Hatfield was at one time a thriving market town. At the time of the 2001 Census it had a population of 1,600. By the 2021 census, the population had declined to 904.

==Community==
At around 8800 acre the parish is one of the largest in Essex, stretching 4 mi north of the village, and was formerly divided into four "quarters": Town Quarter, Woodrow Quarter, Heath Quarter, and Broomsend Quarter. At the north end of the parish lies Hatfield Forest, known for its large oak trees. Approximately 1 mi to the north of the village, and included in the parish, is the small village of Bush End, with its church, the Grade II listed St John the Evangelist, which dates to 1856.
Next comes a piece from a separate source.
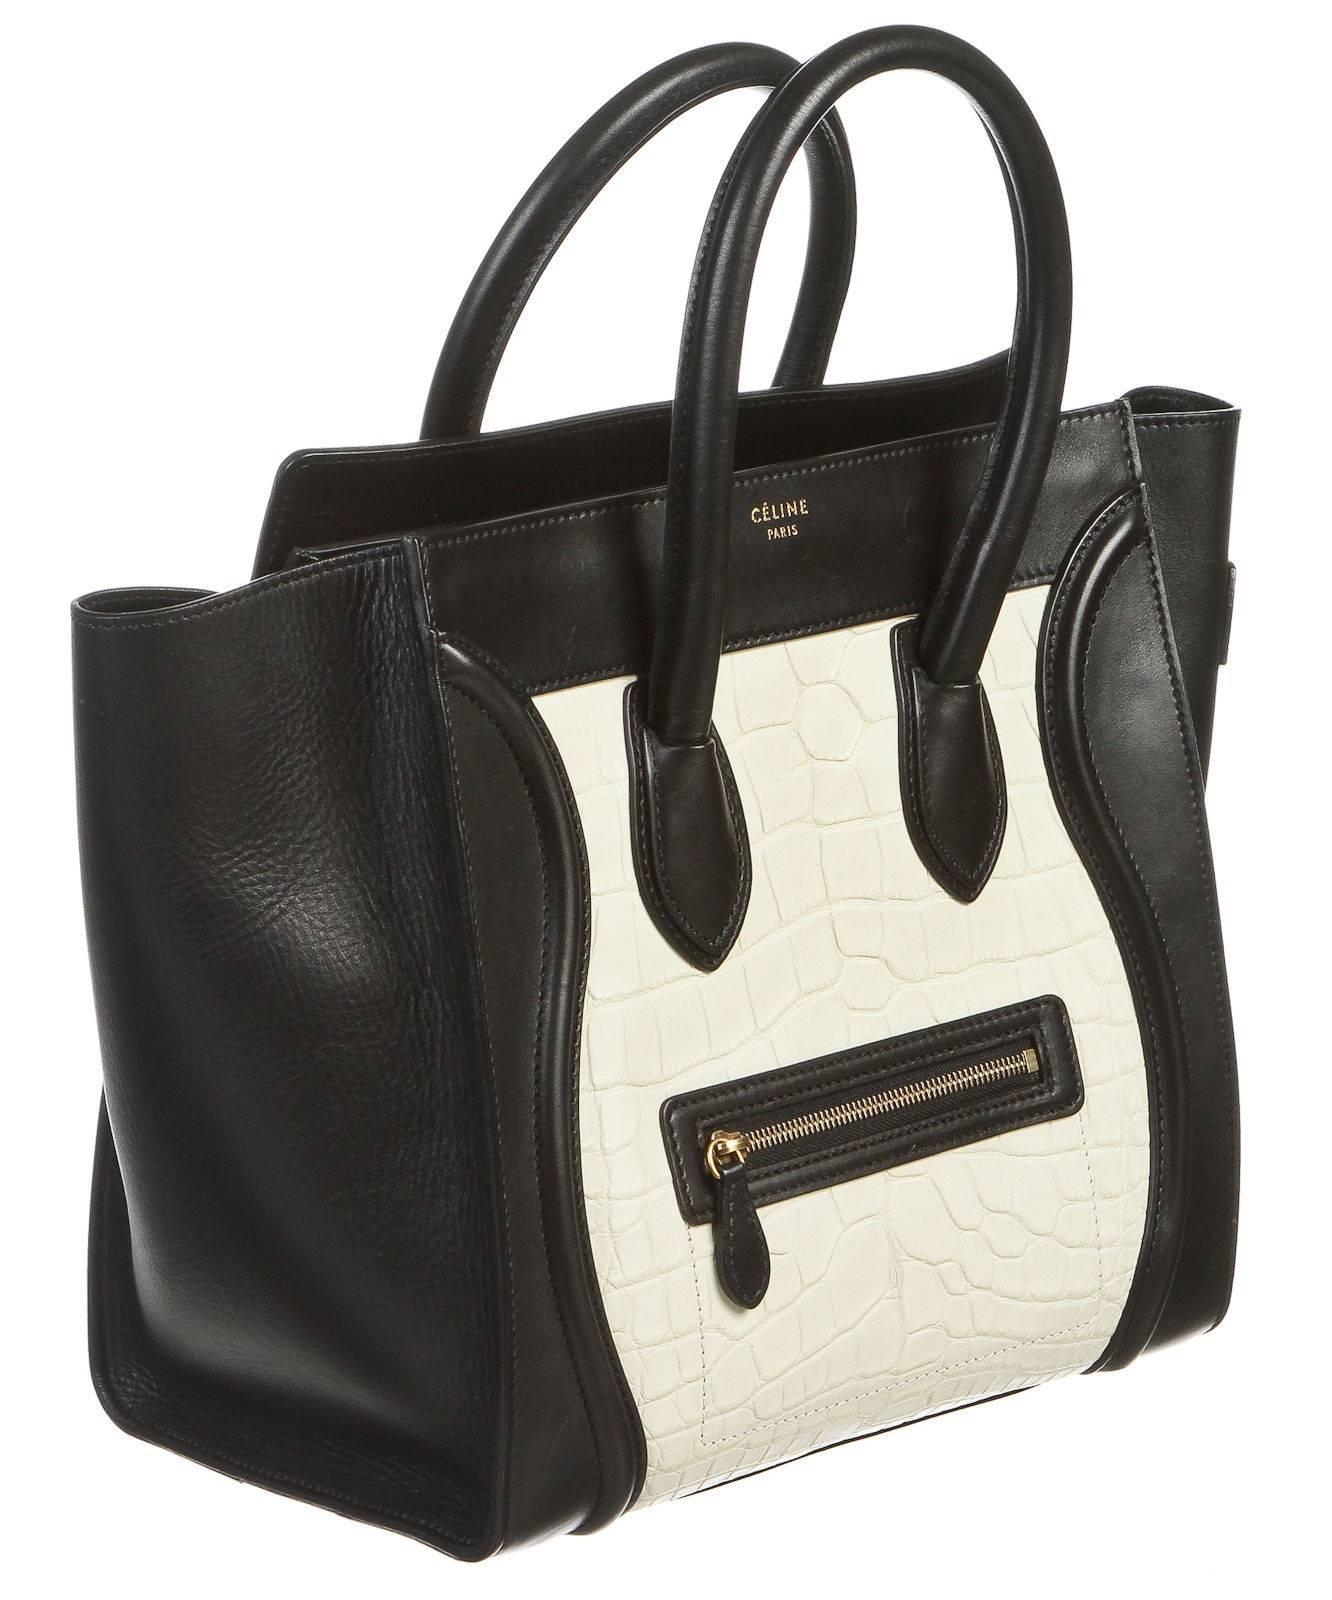 Celine Black Leather and White Crocodile Medium Luggage Tote Handbag In Fair Condition For Sale In Corona Del Mar, CA

The Cock Inn, a public house, dates to the fifteenth century.

St Mary's Church of England primary school was opened in 1816 as a National school.

Every May Bank holiday since 1985 a 10 kilometre road race is held using a course running around the village.

===Church===
A Saxon church was present in Hatfield at the time of the Domesday Book. The present parish church of St Mary the Virgin is early medieval, and has a stone tower with eight bells. The largest weighs 17cwt and was cast in 1782 by Patrick & Osborn, a private bell foundry, who at the time worked in direct competition to Whitechapel Bell Foundry.
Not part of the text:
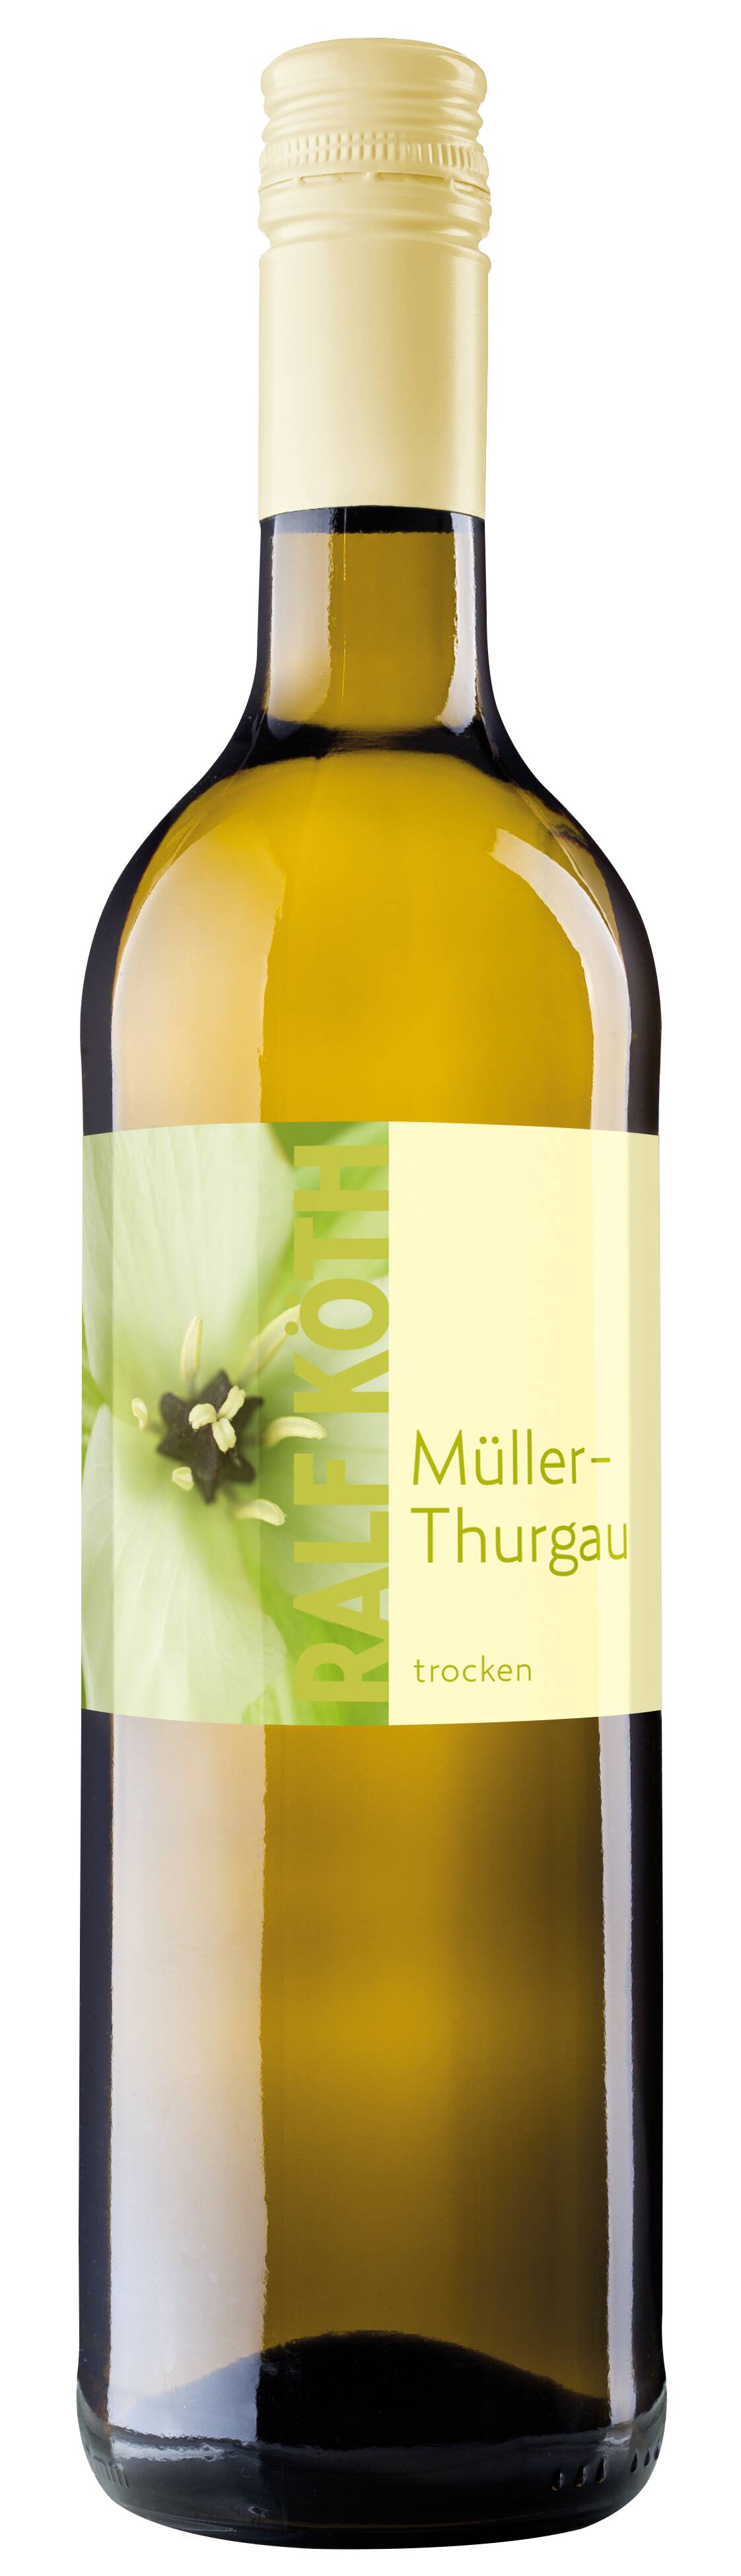 Müller Thurgau

The parish church was at one time part of the priory church but was rebuilt for separate parochial use towards the end of the fourteenth century and extended over the next century.

The nave contains the mutilated stone effigy of Robert de Vere, 3rd Earl of Oxford, who was buried in the church in 1221. The writings belonging to the Barrington family of Barrington Hall are deposited in the north vestry; which is believed to have been part of the priory chapel. In the other vestry is a library, placed there in 1708, by Sir Charles Barrington.

==Governance==
Hatfield Broad Oak is part of the electoral ward called Broad Oak and the Hallingburys. The population of this ward at the 2011 census was 3,571.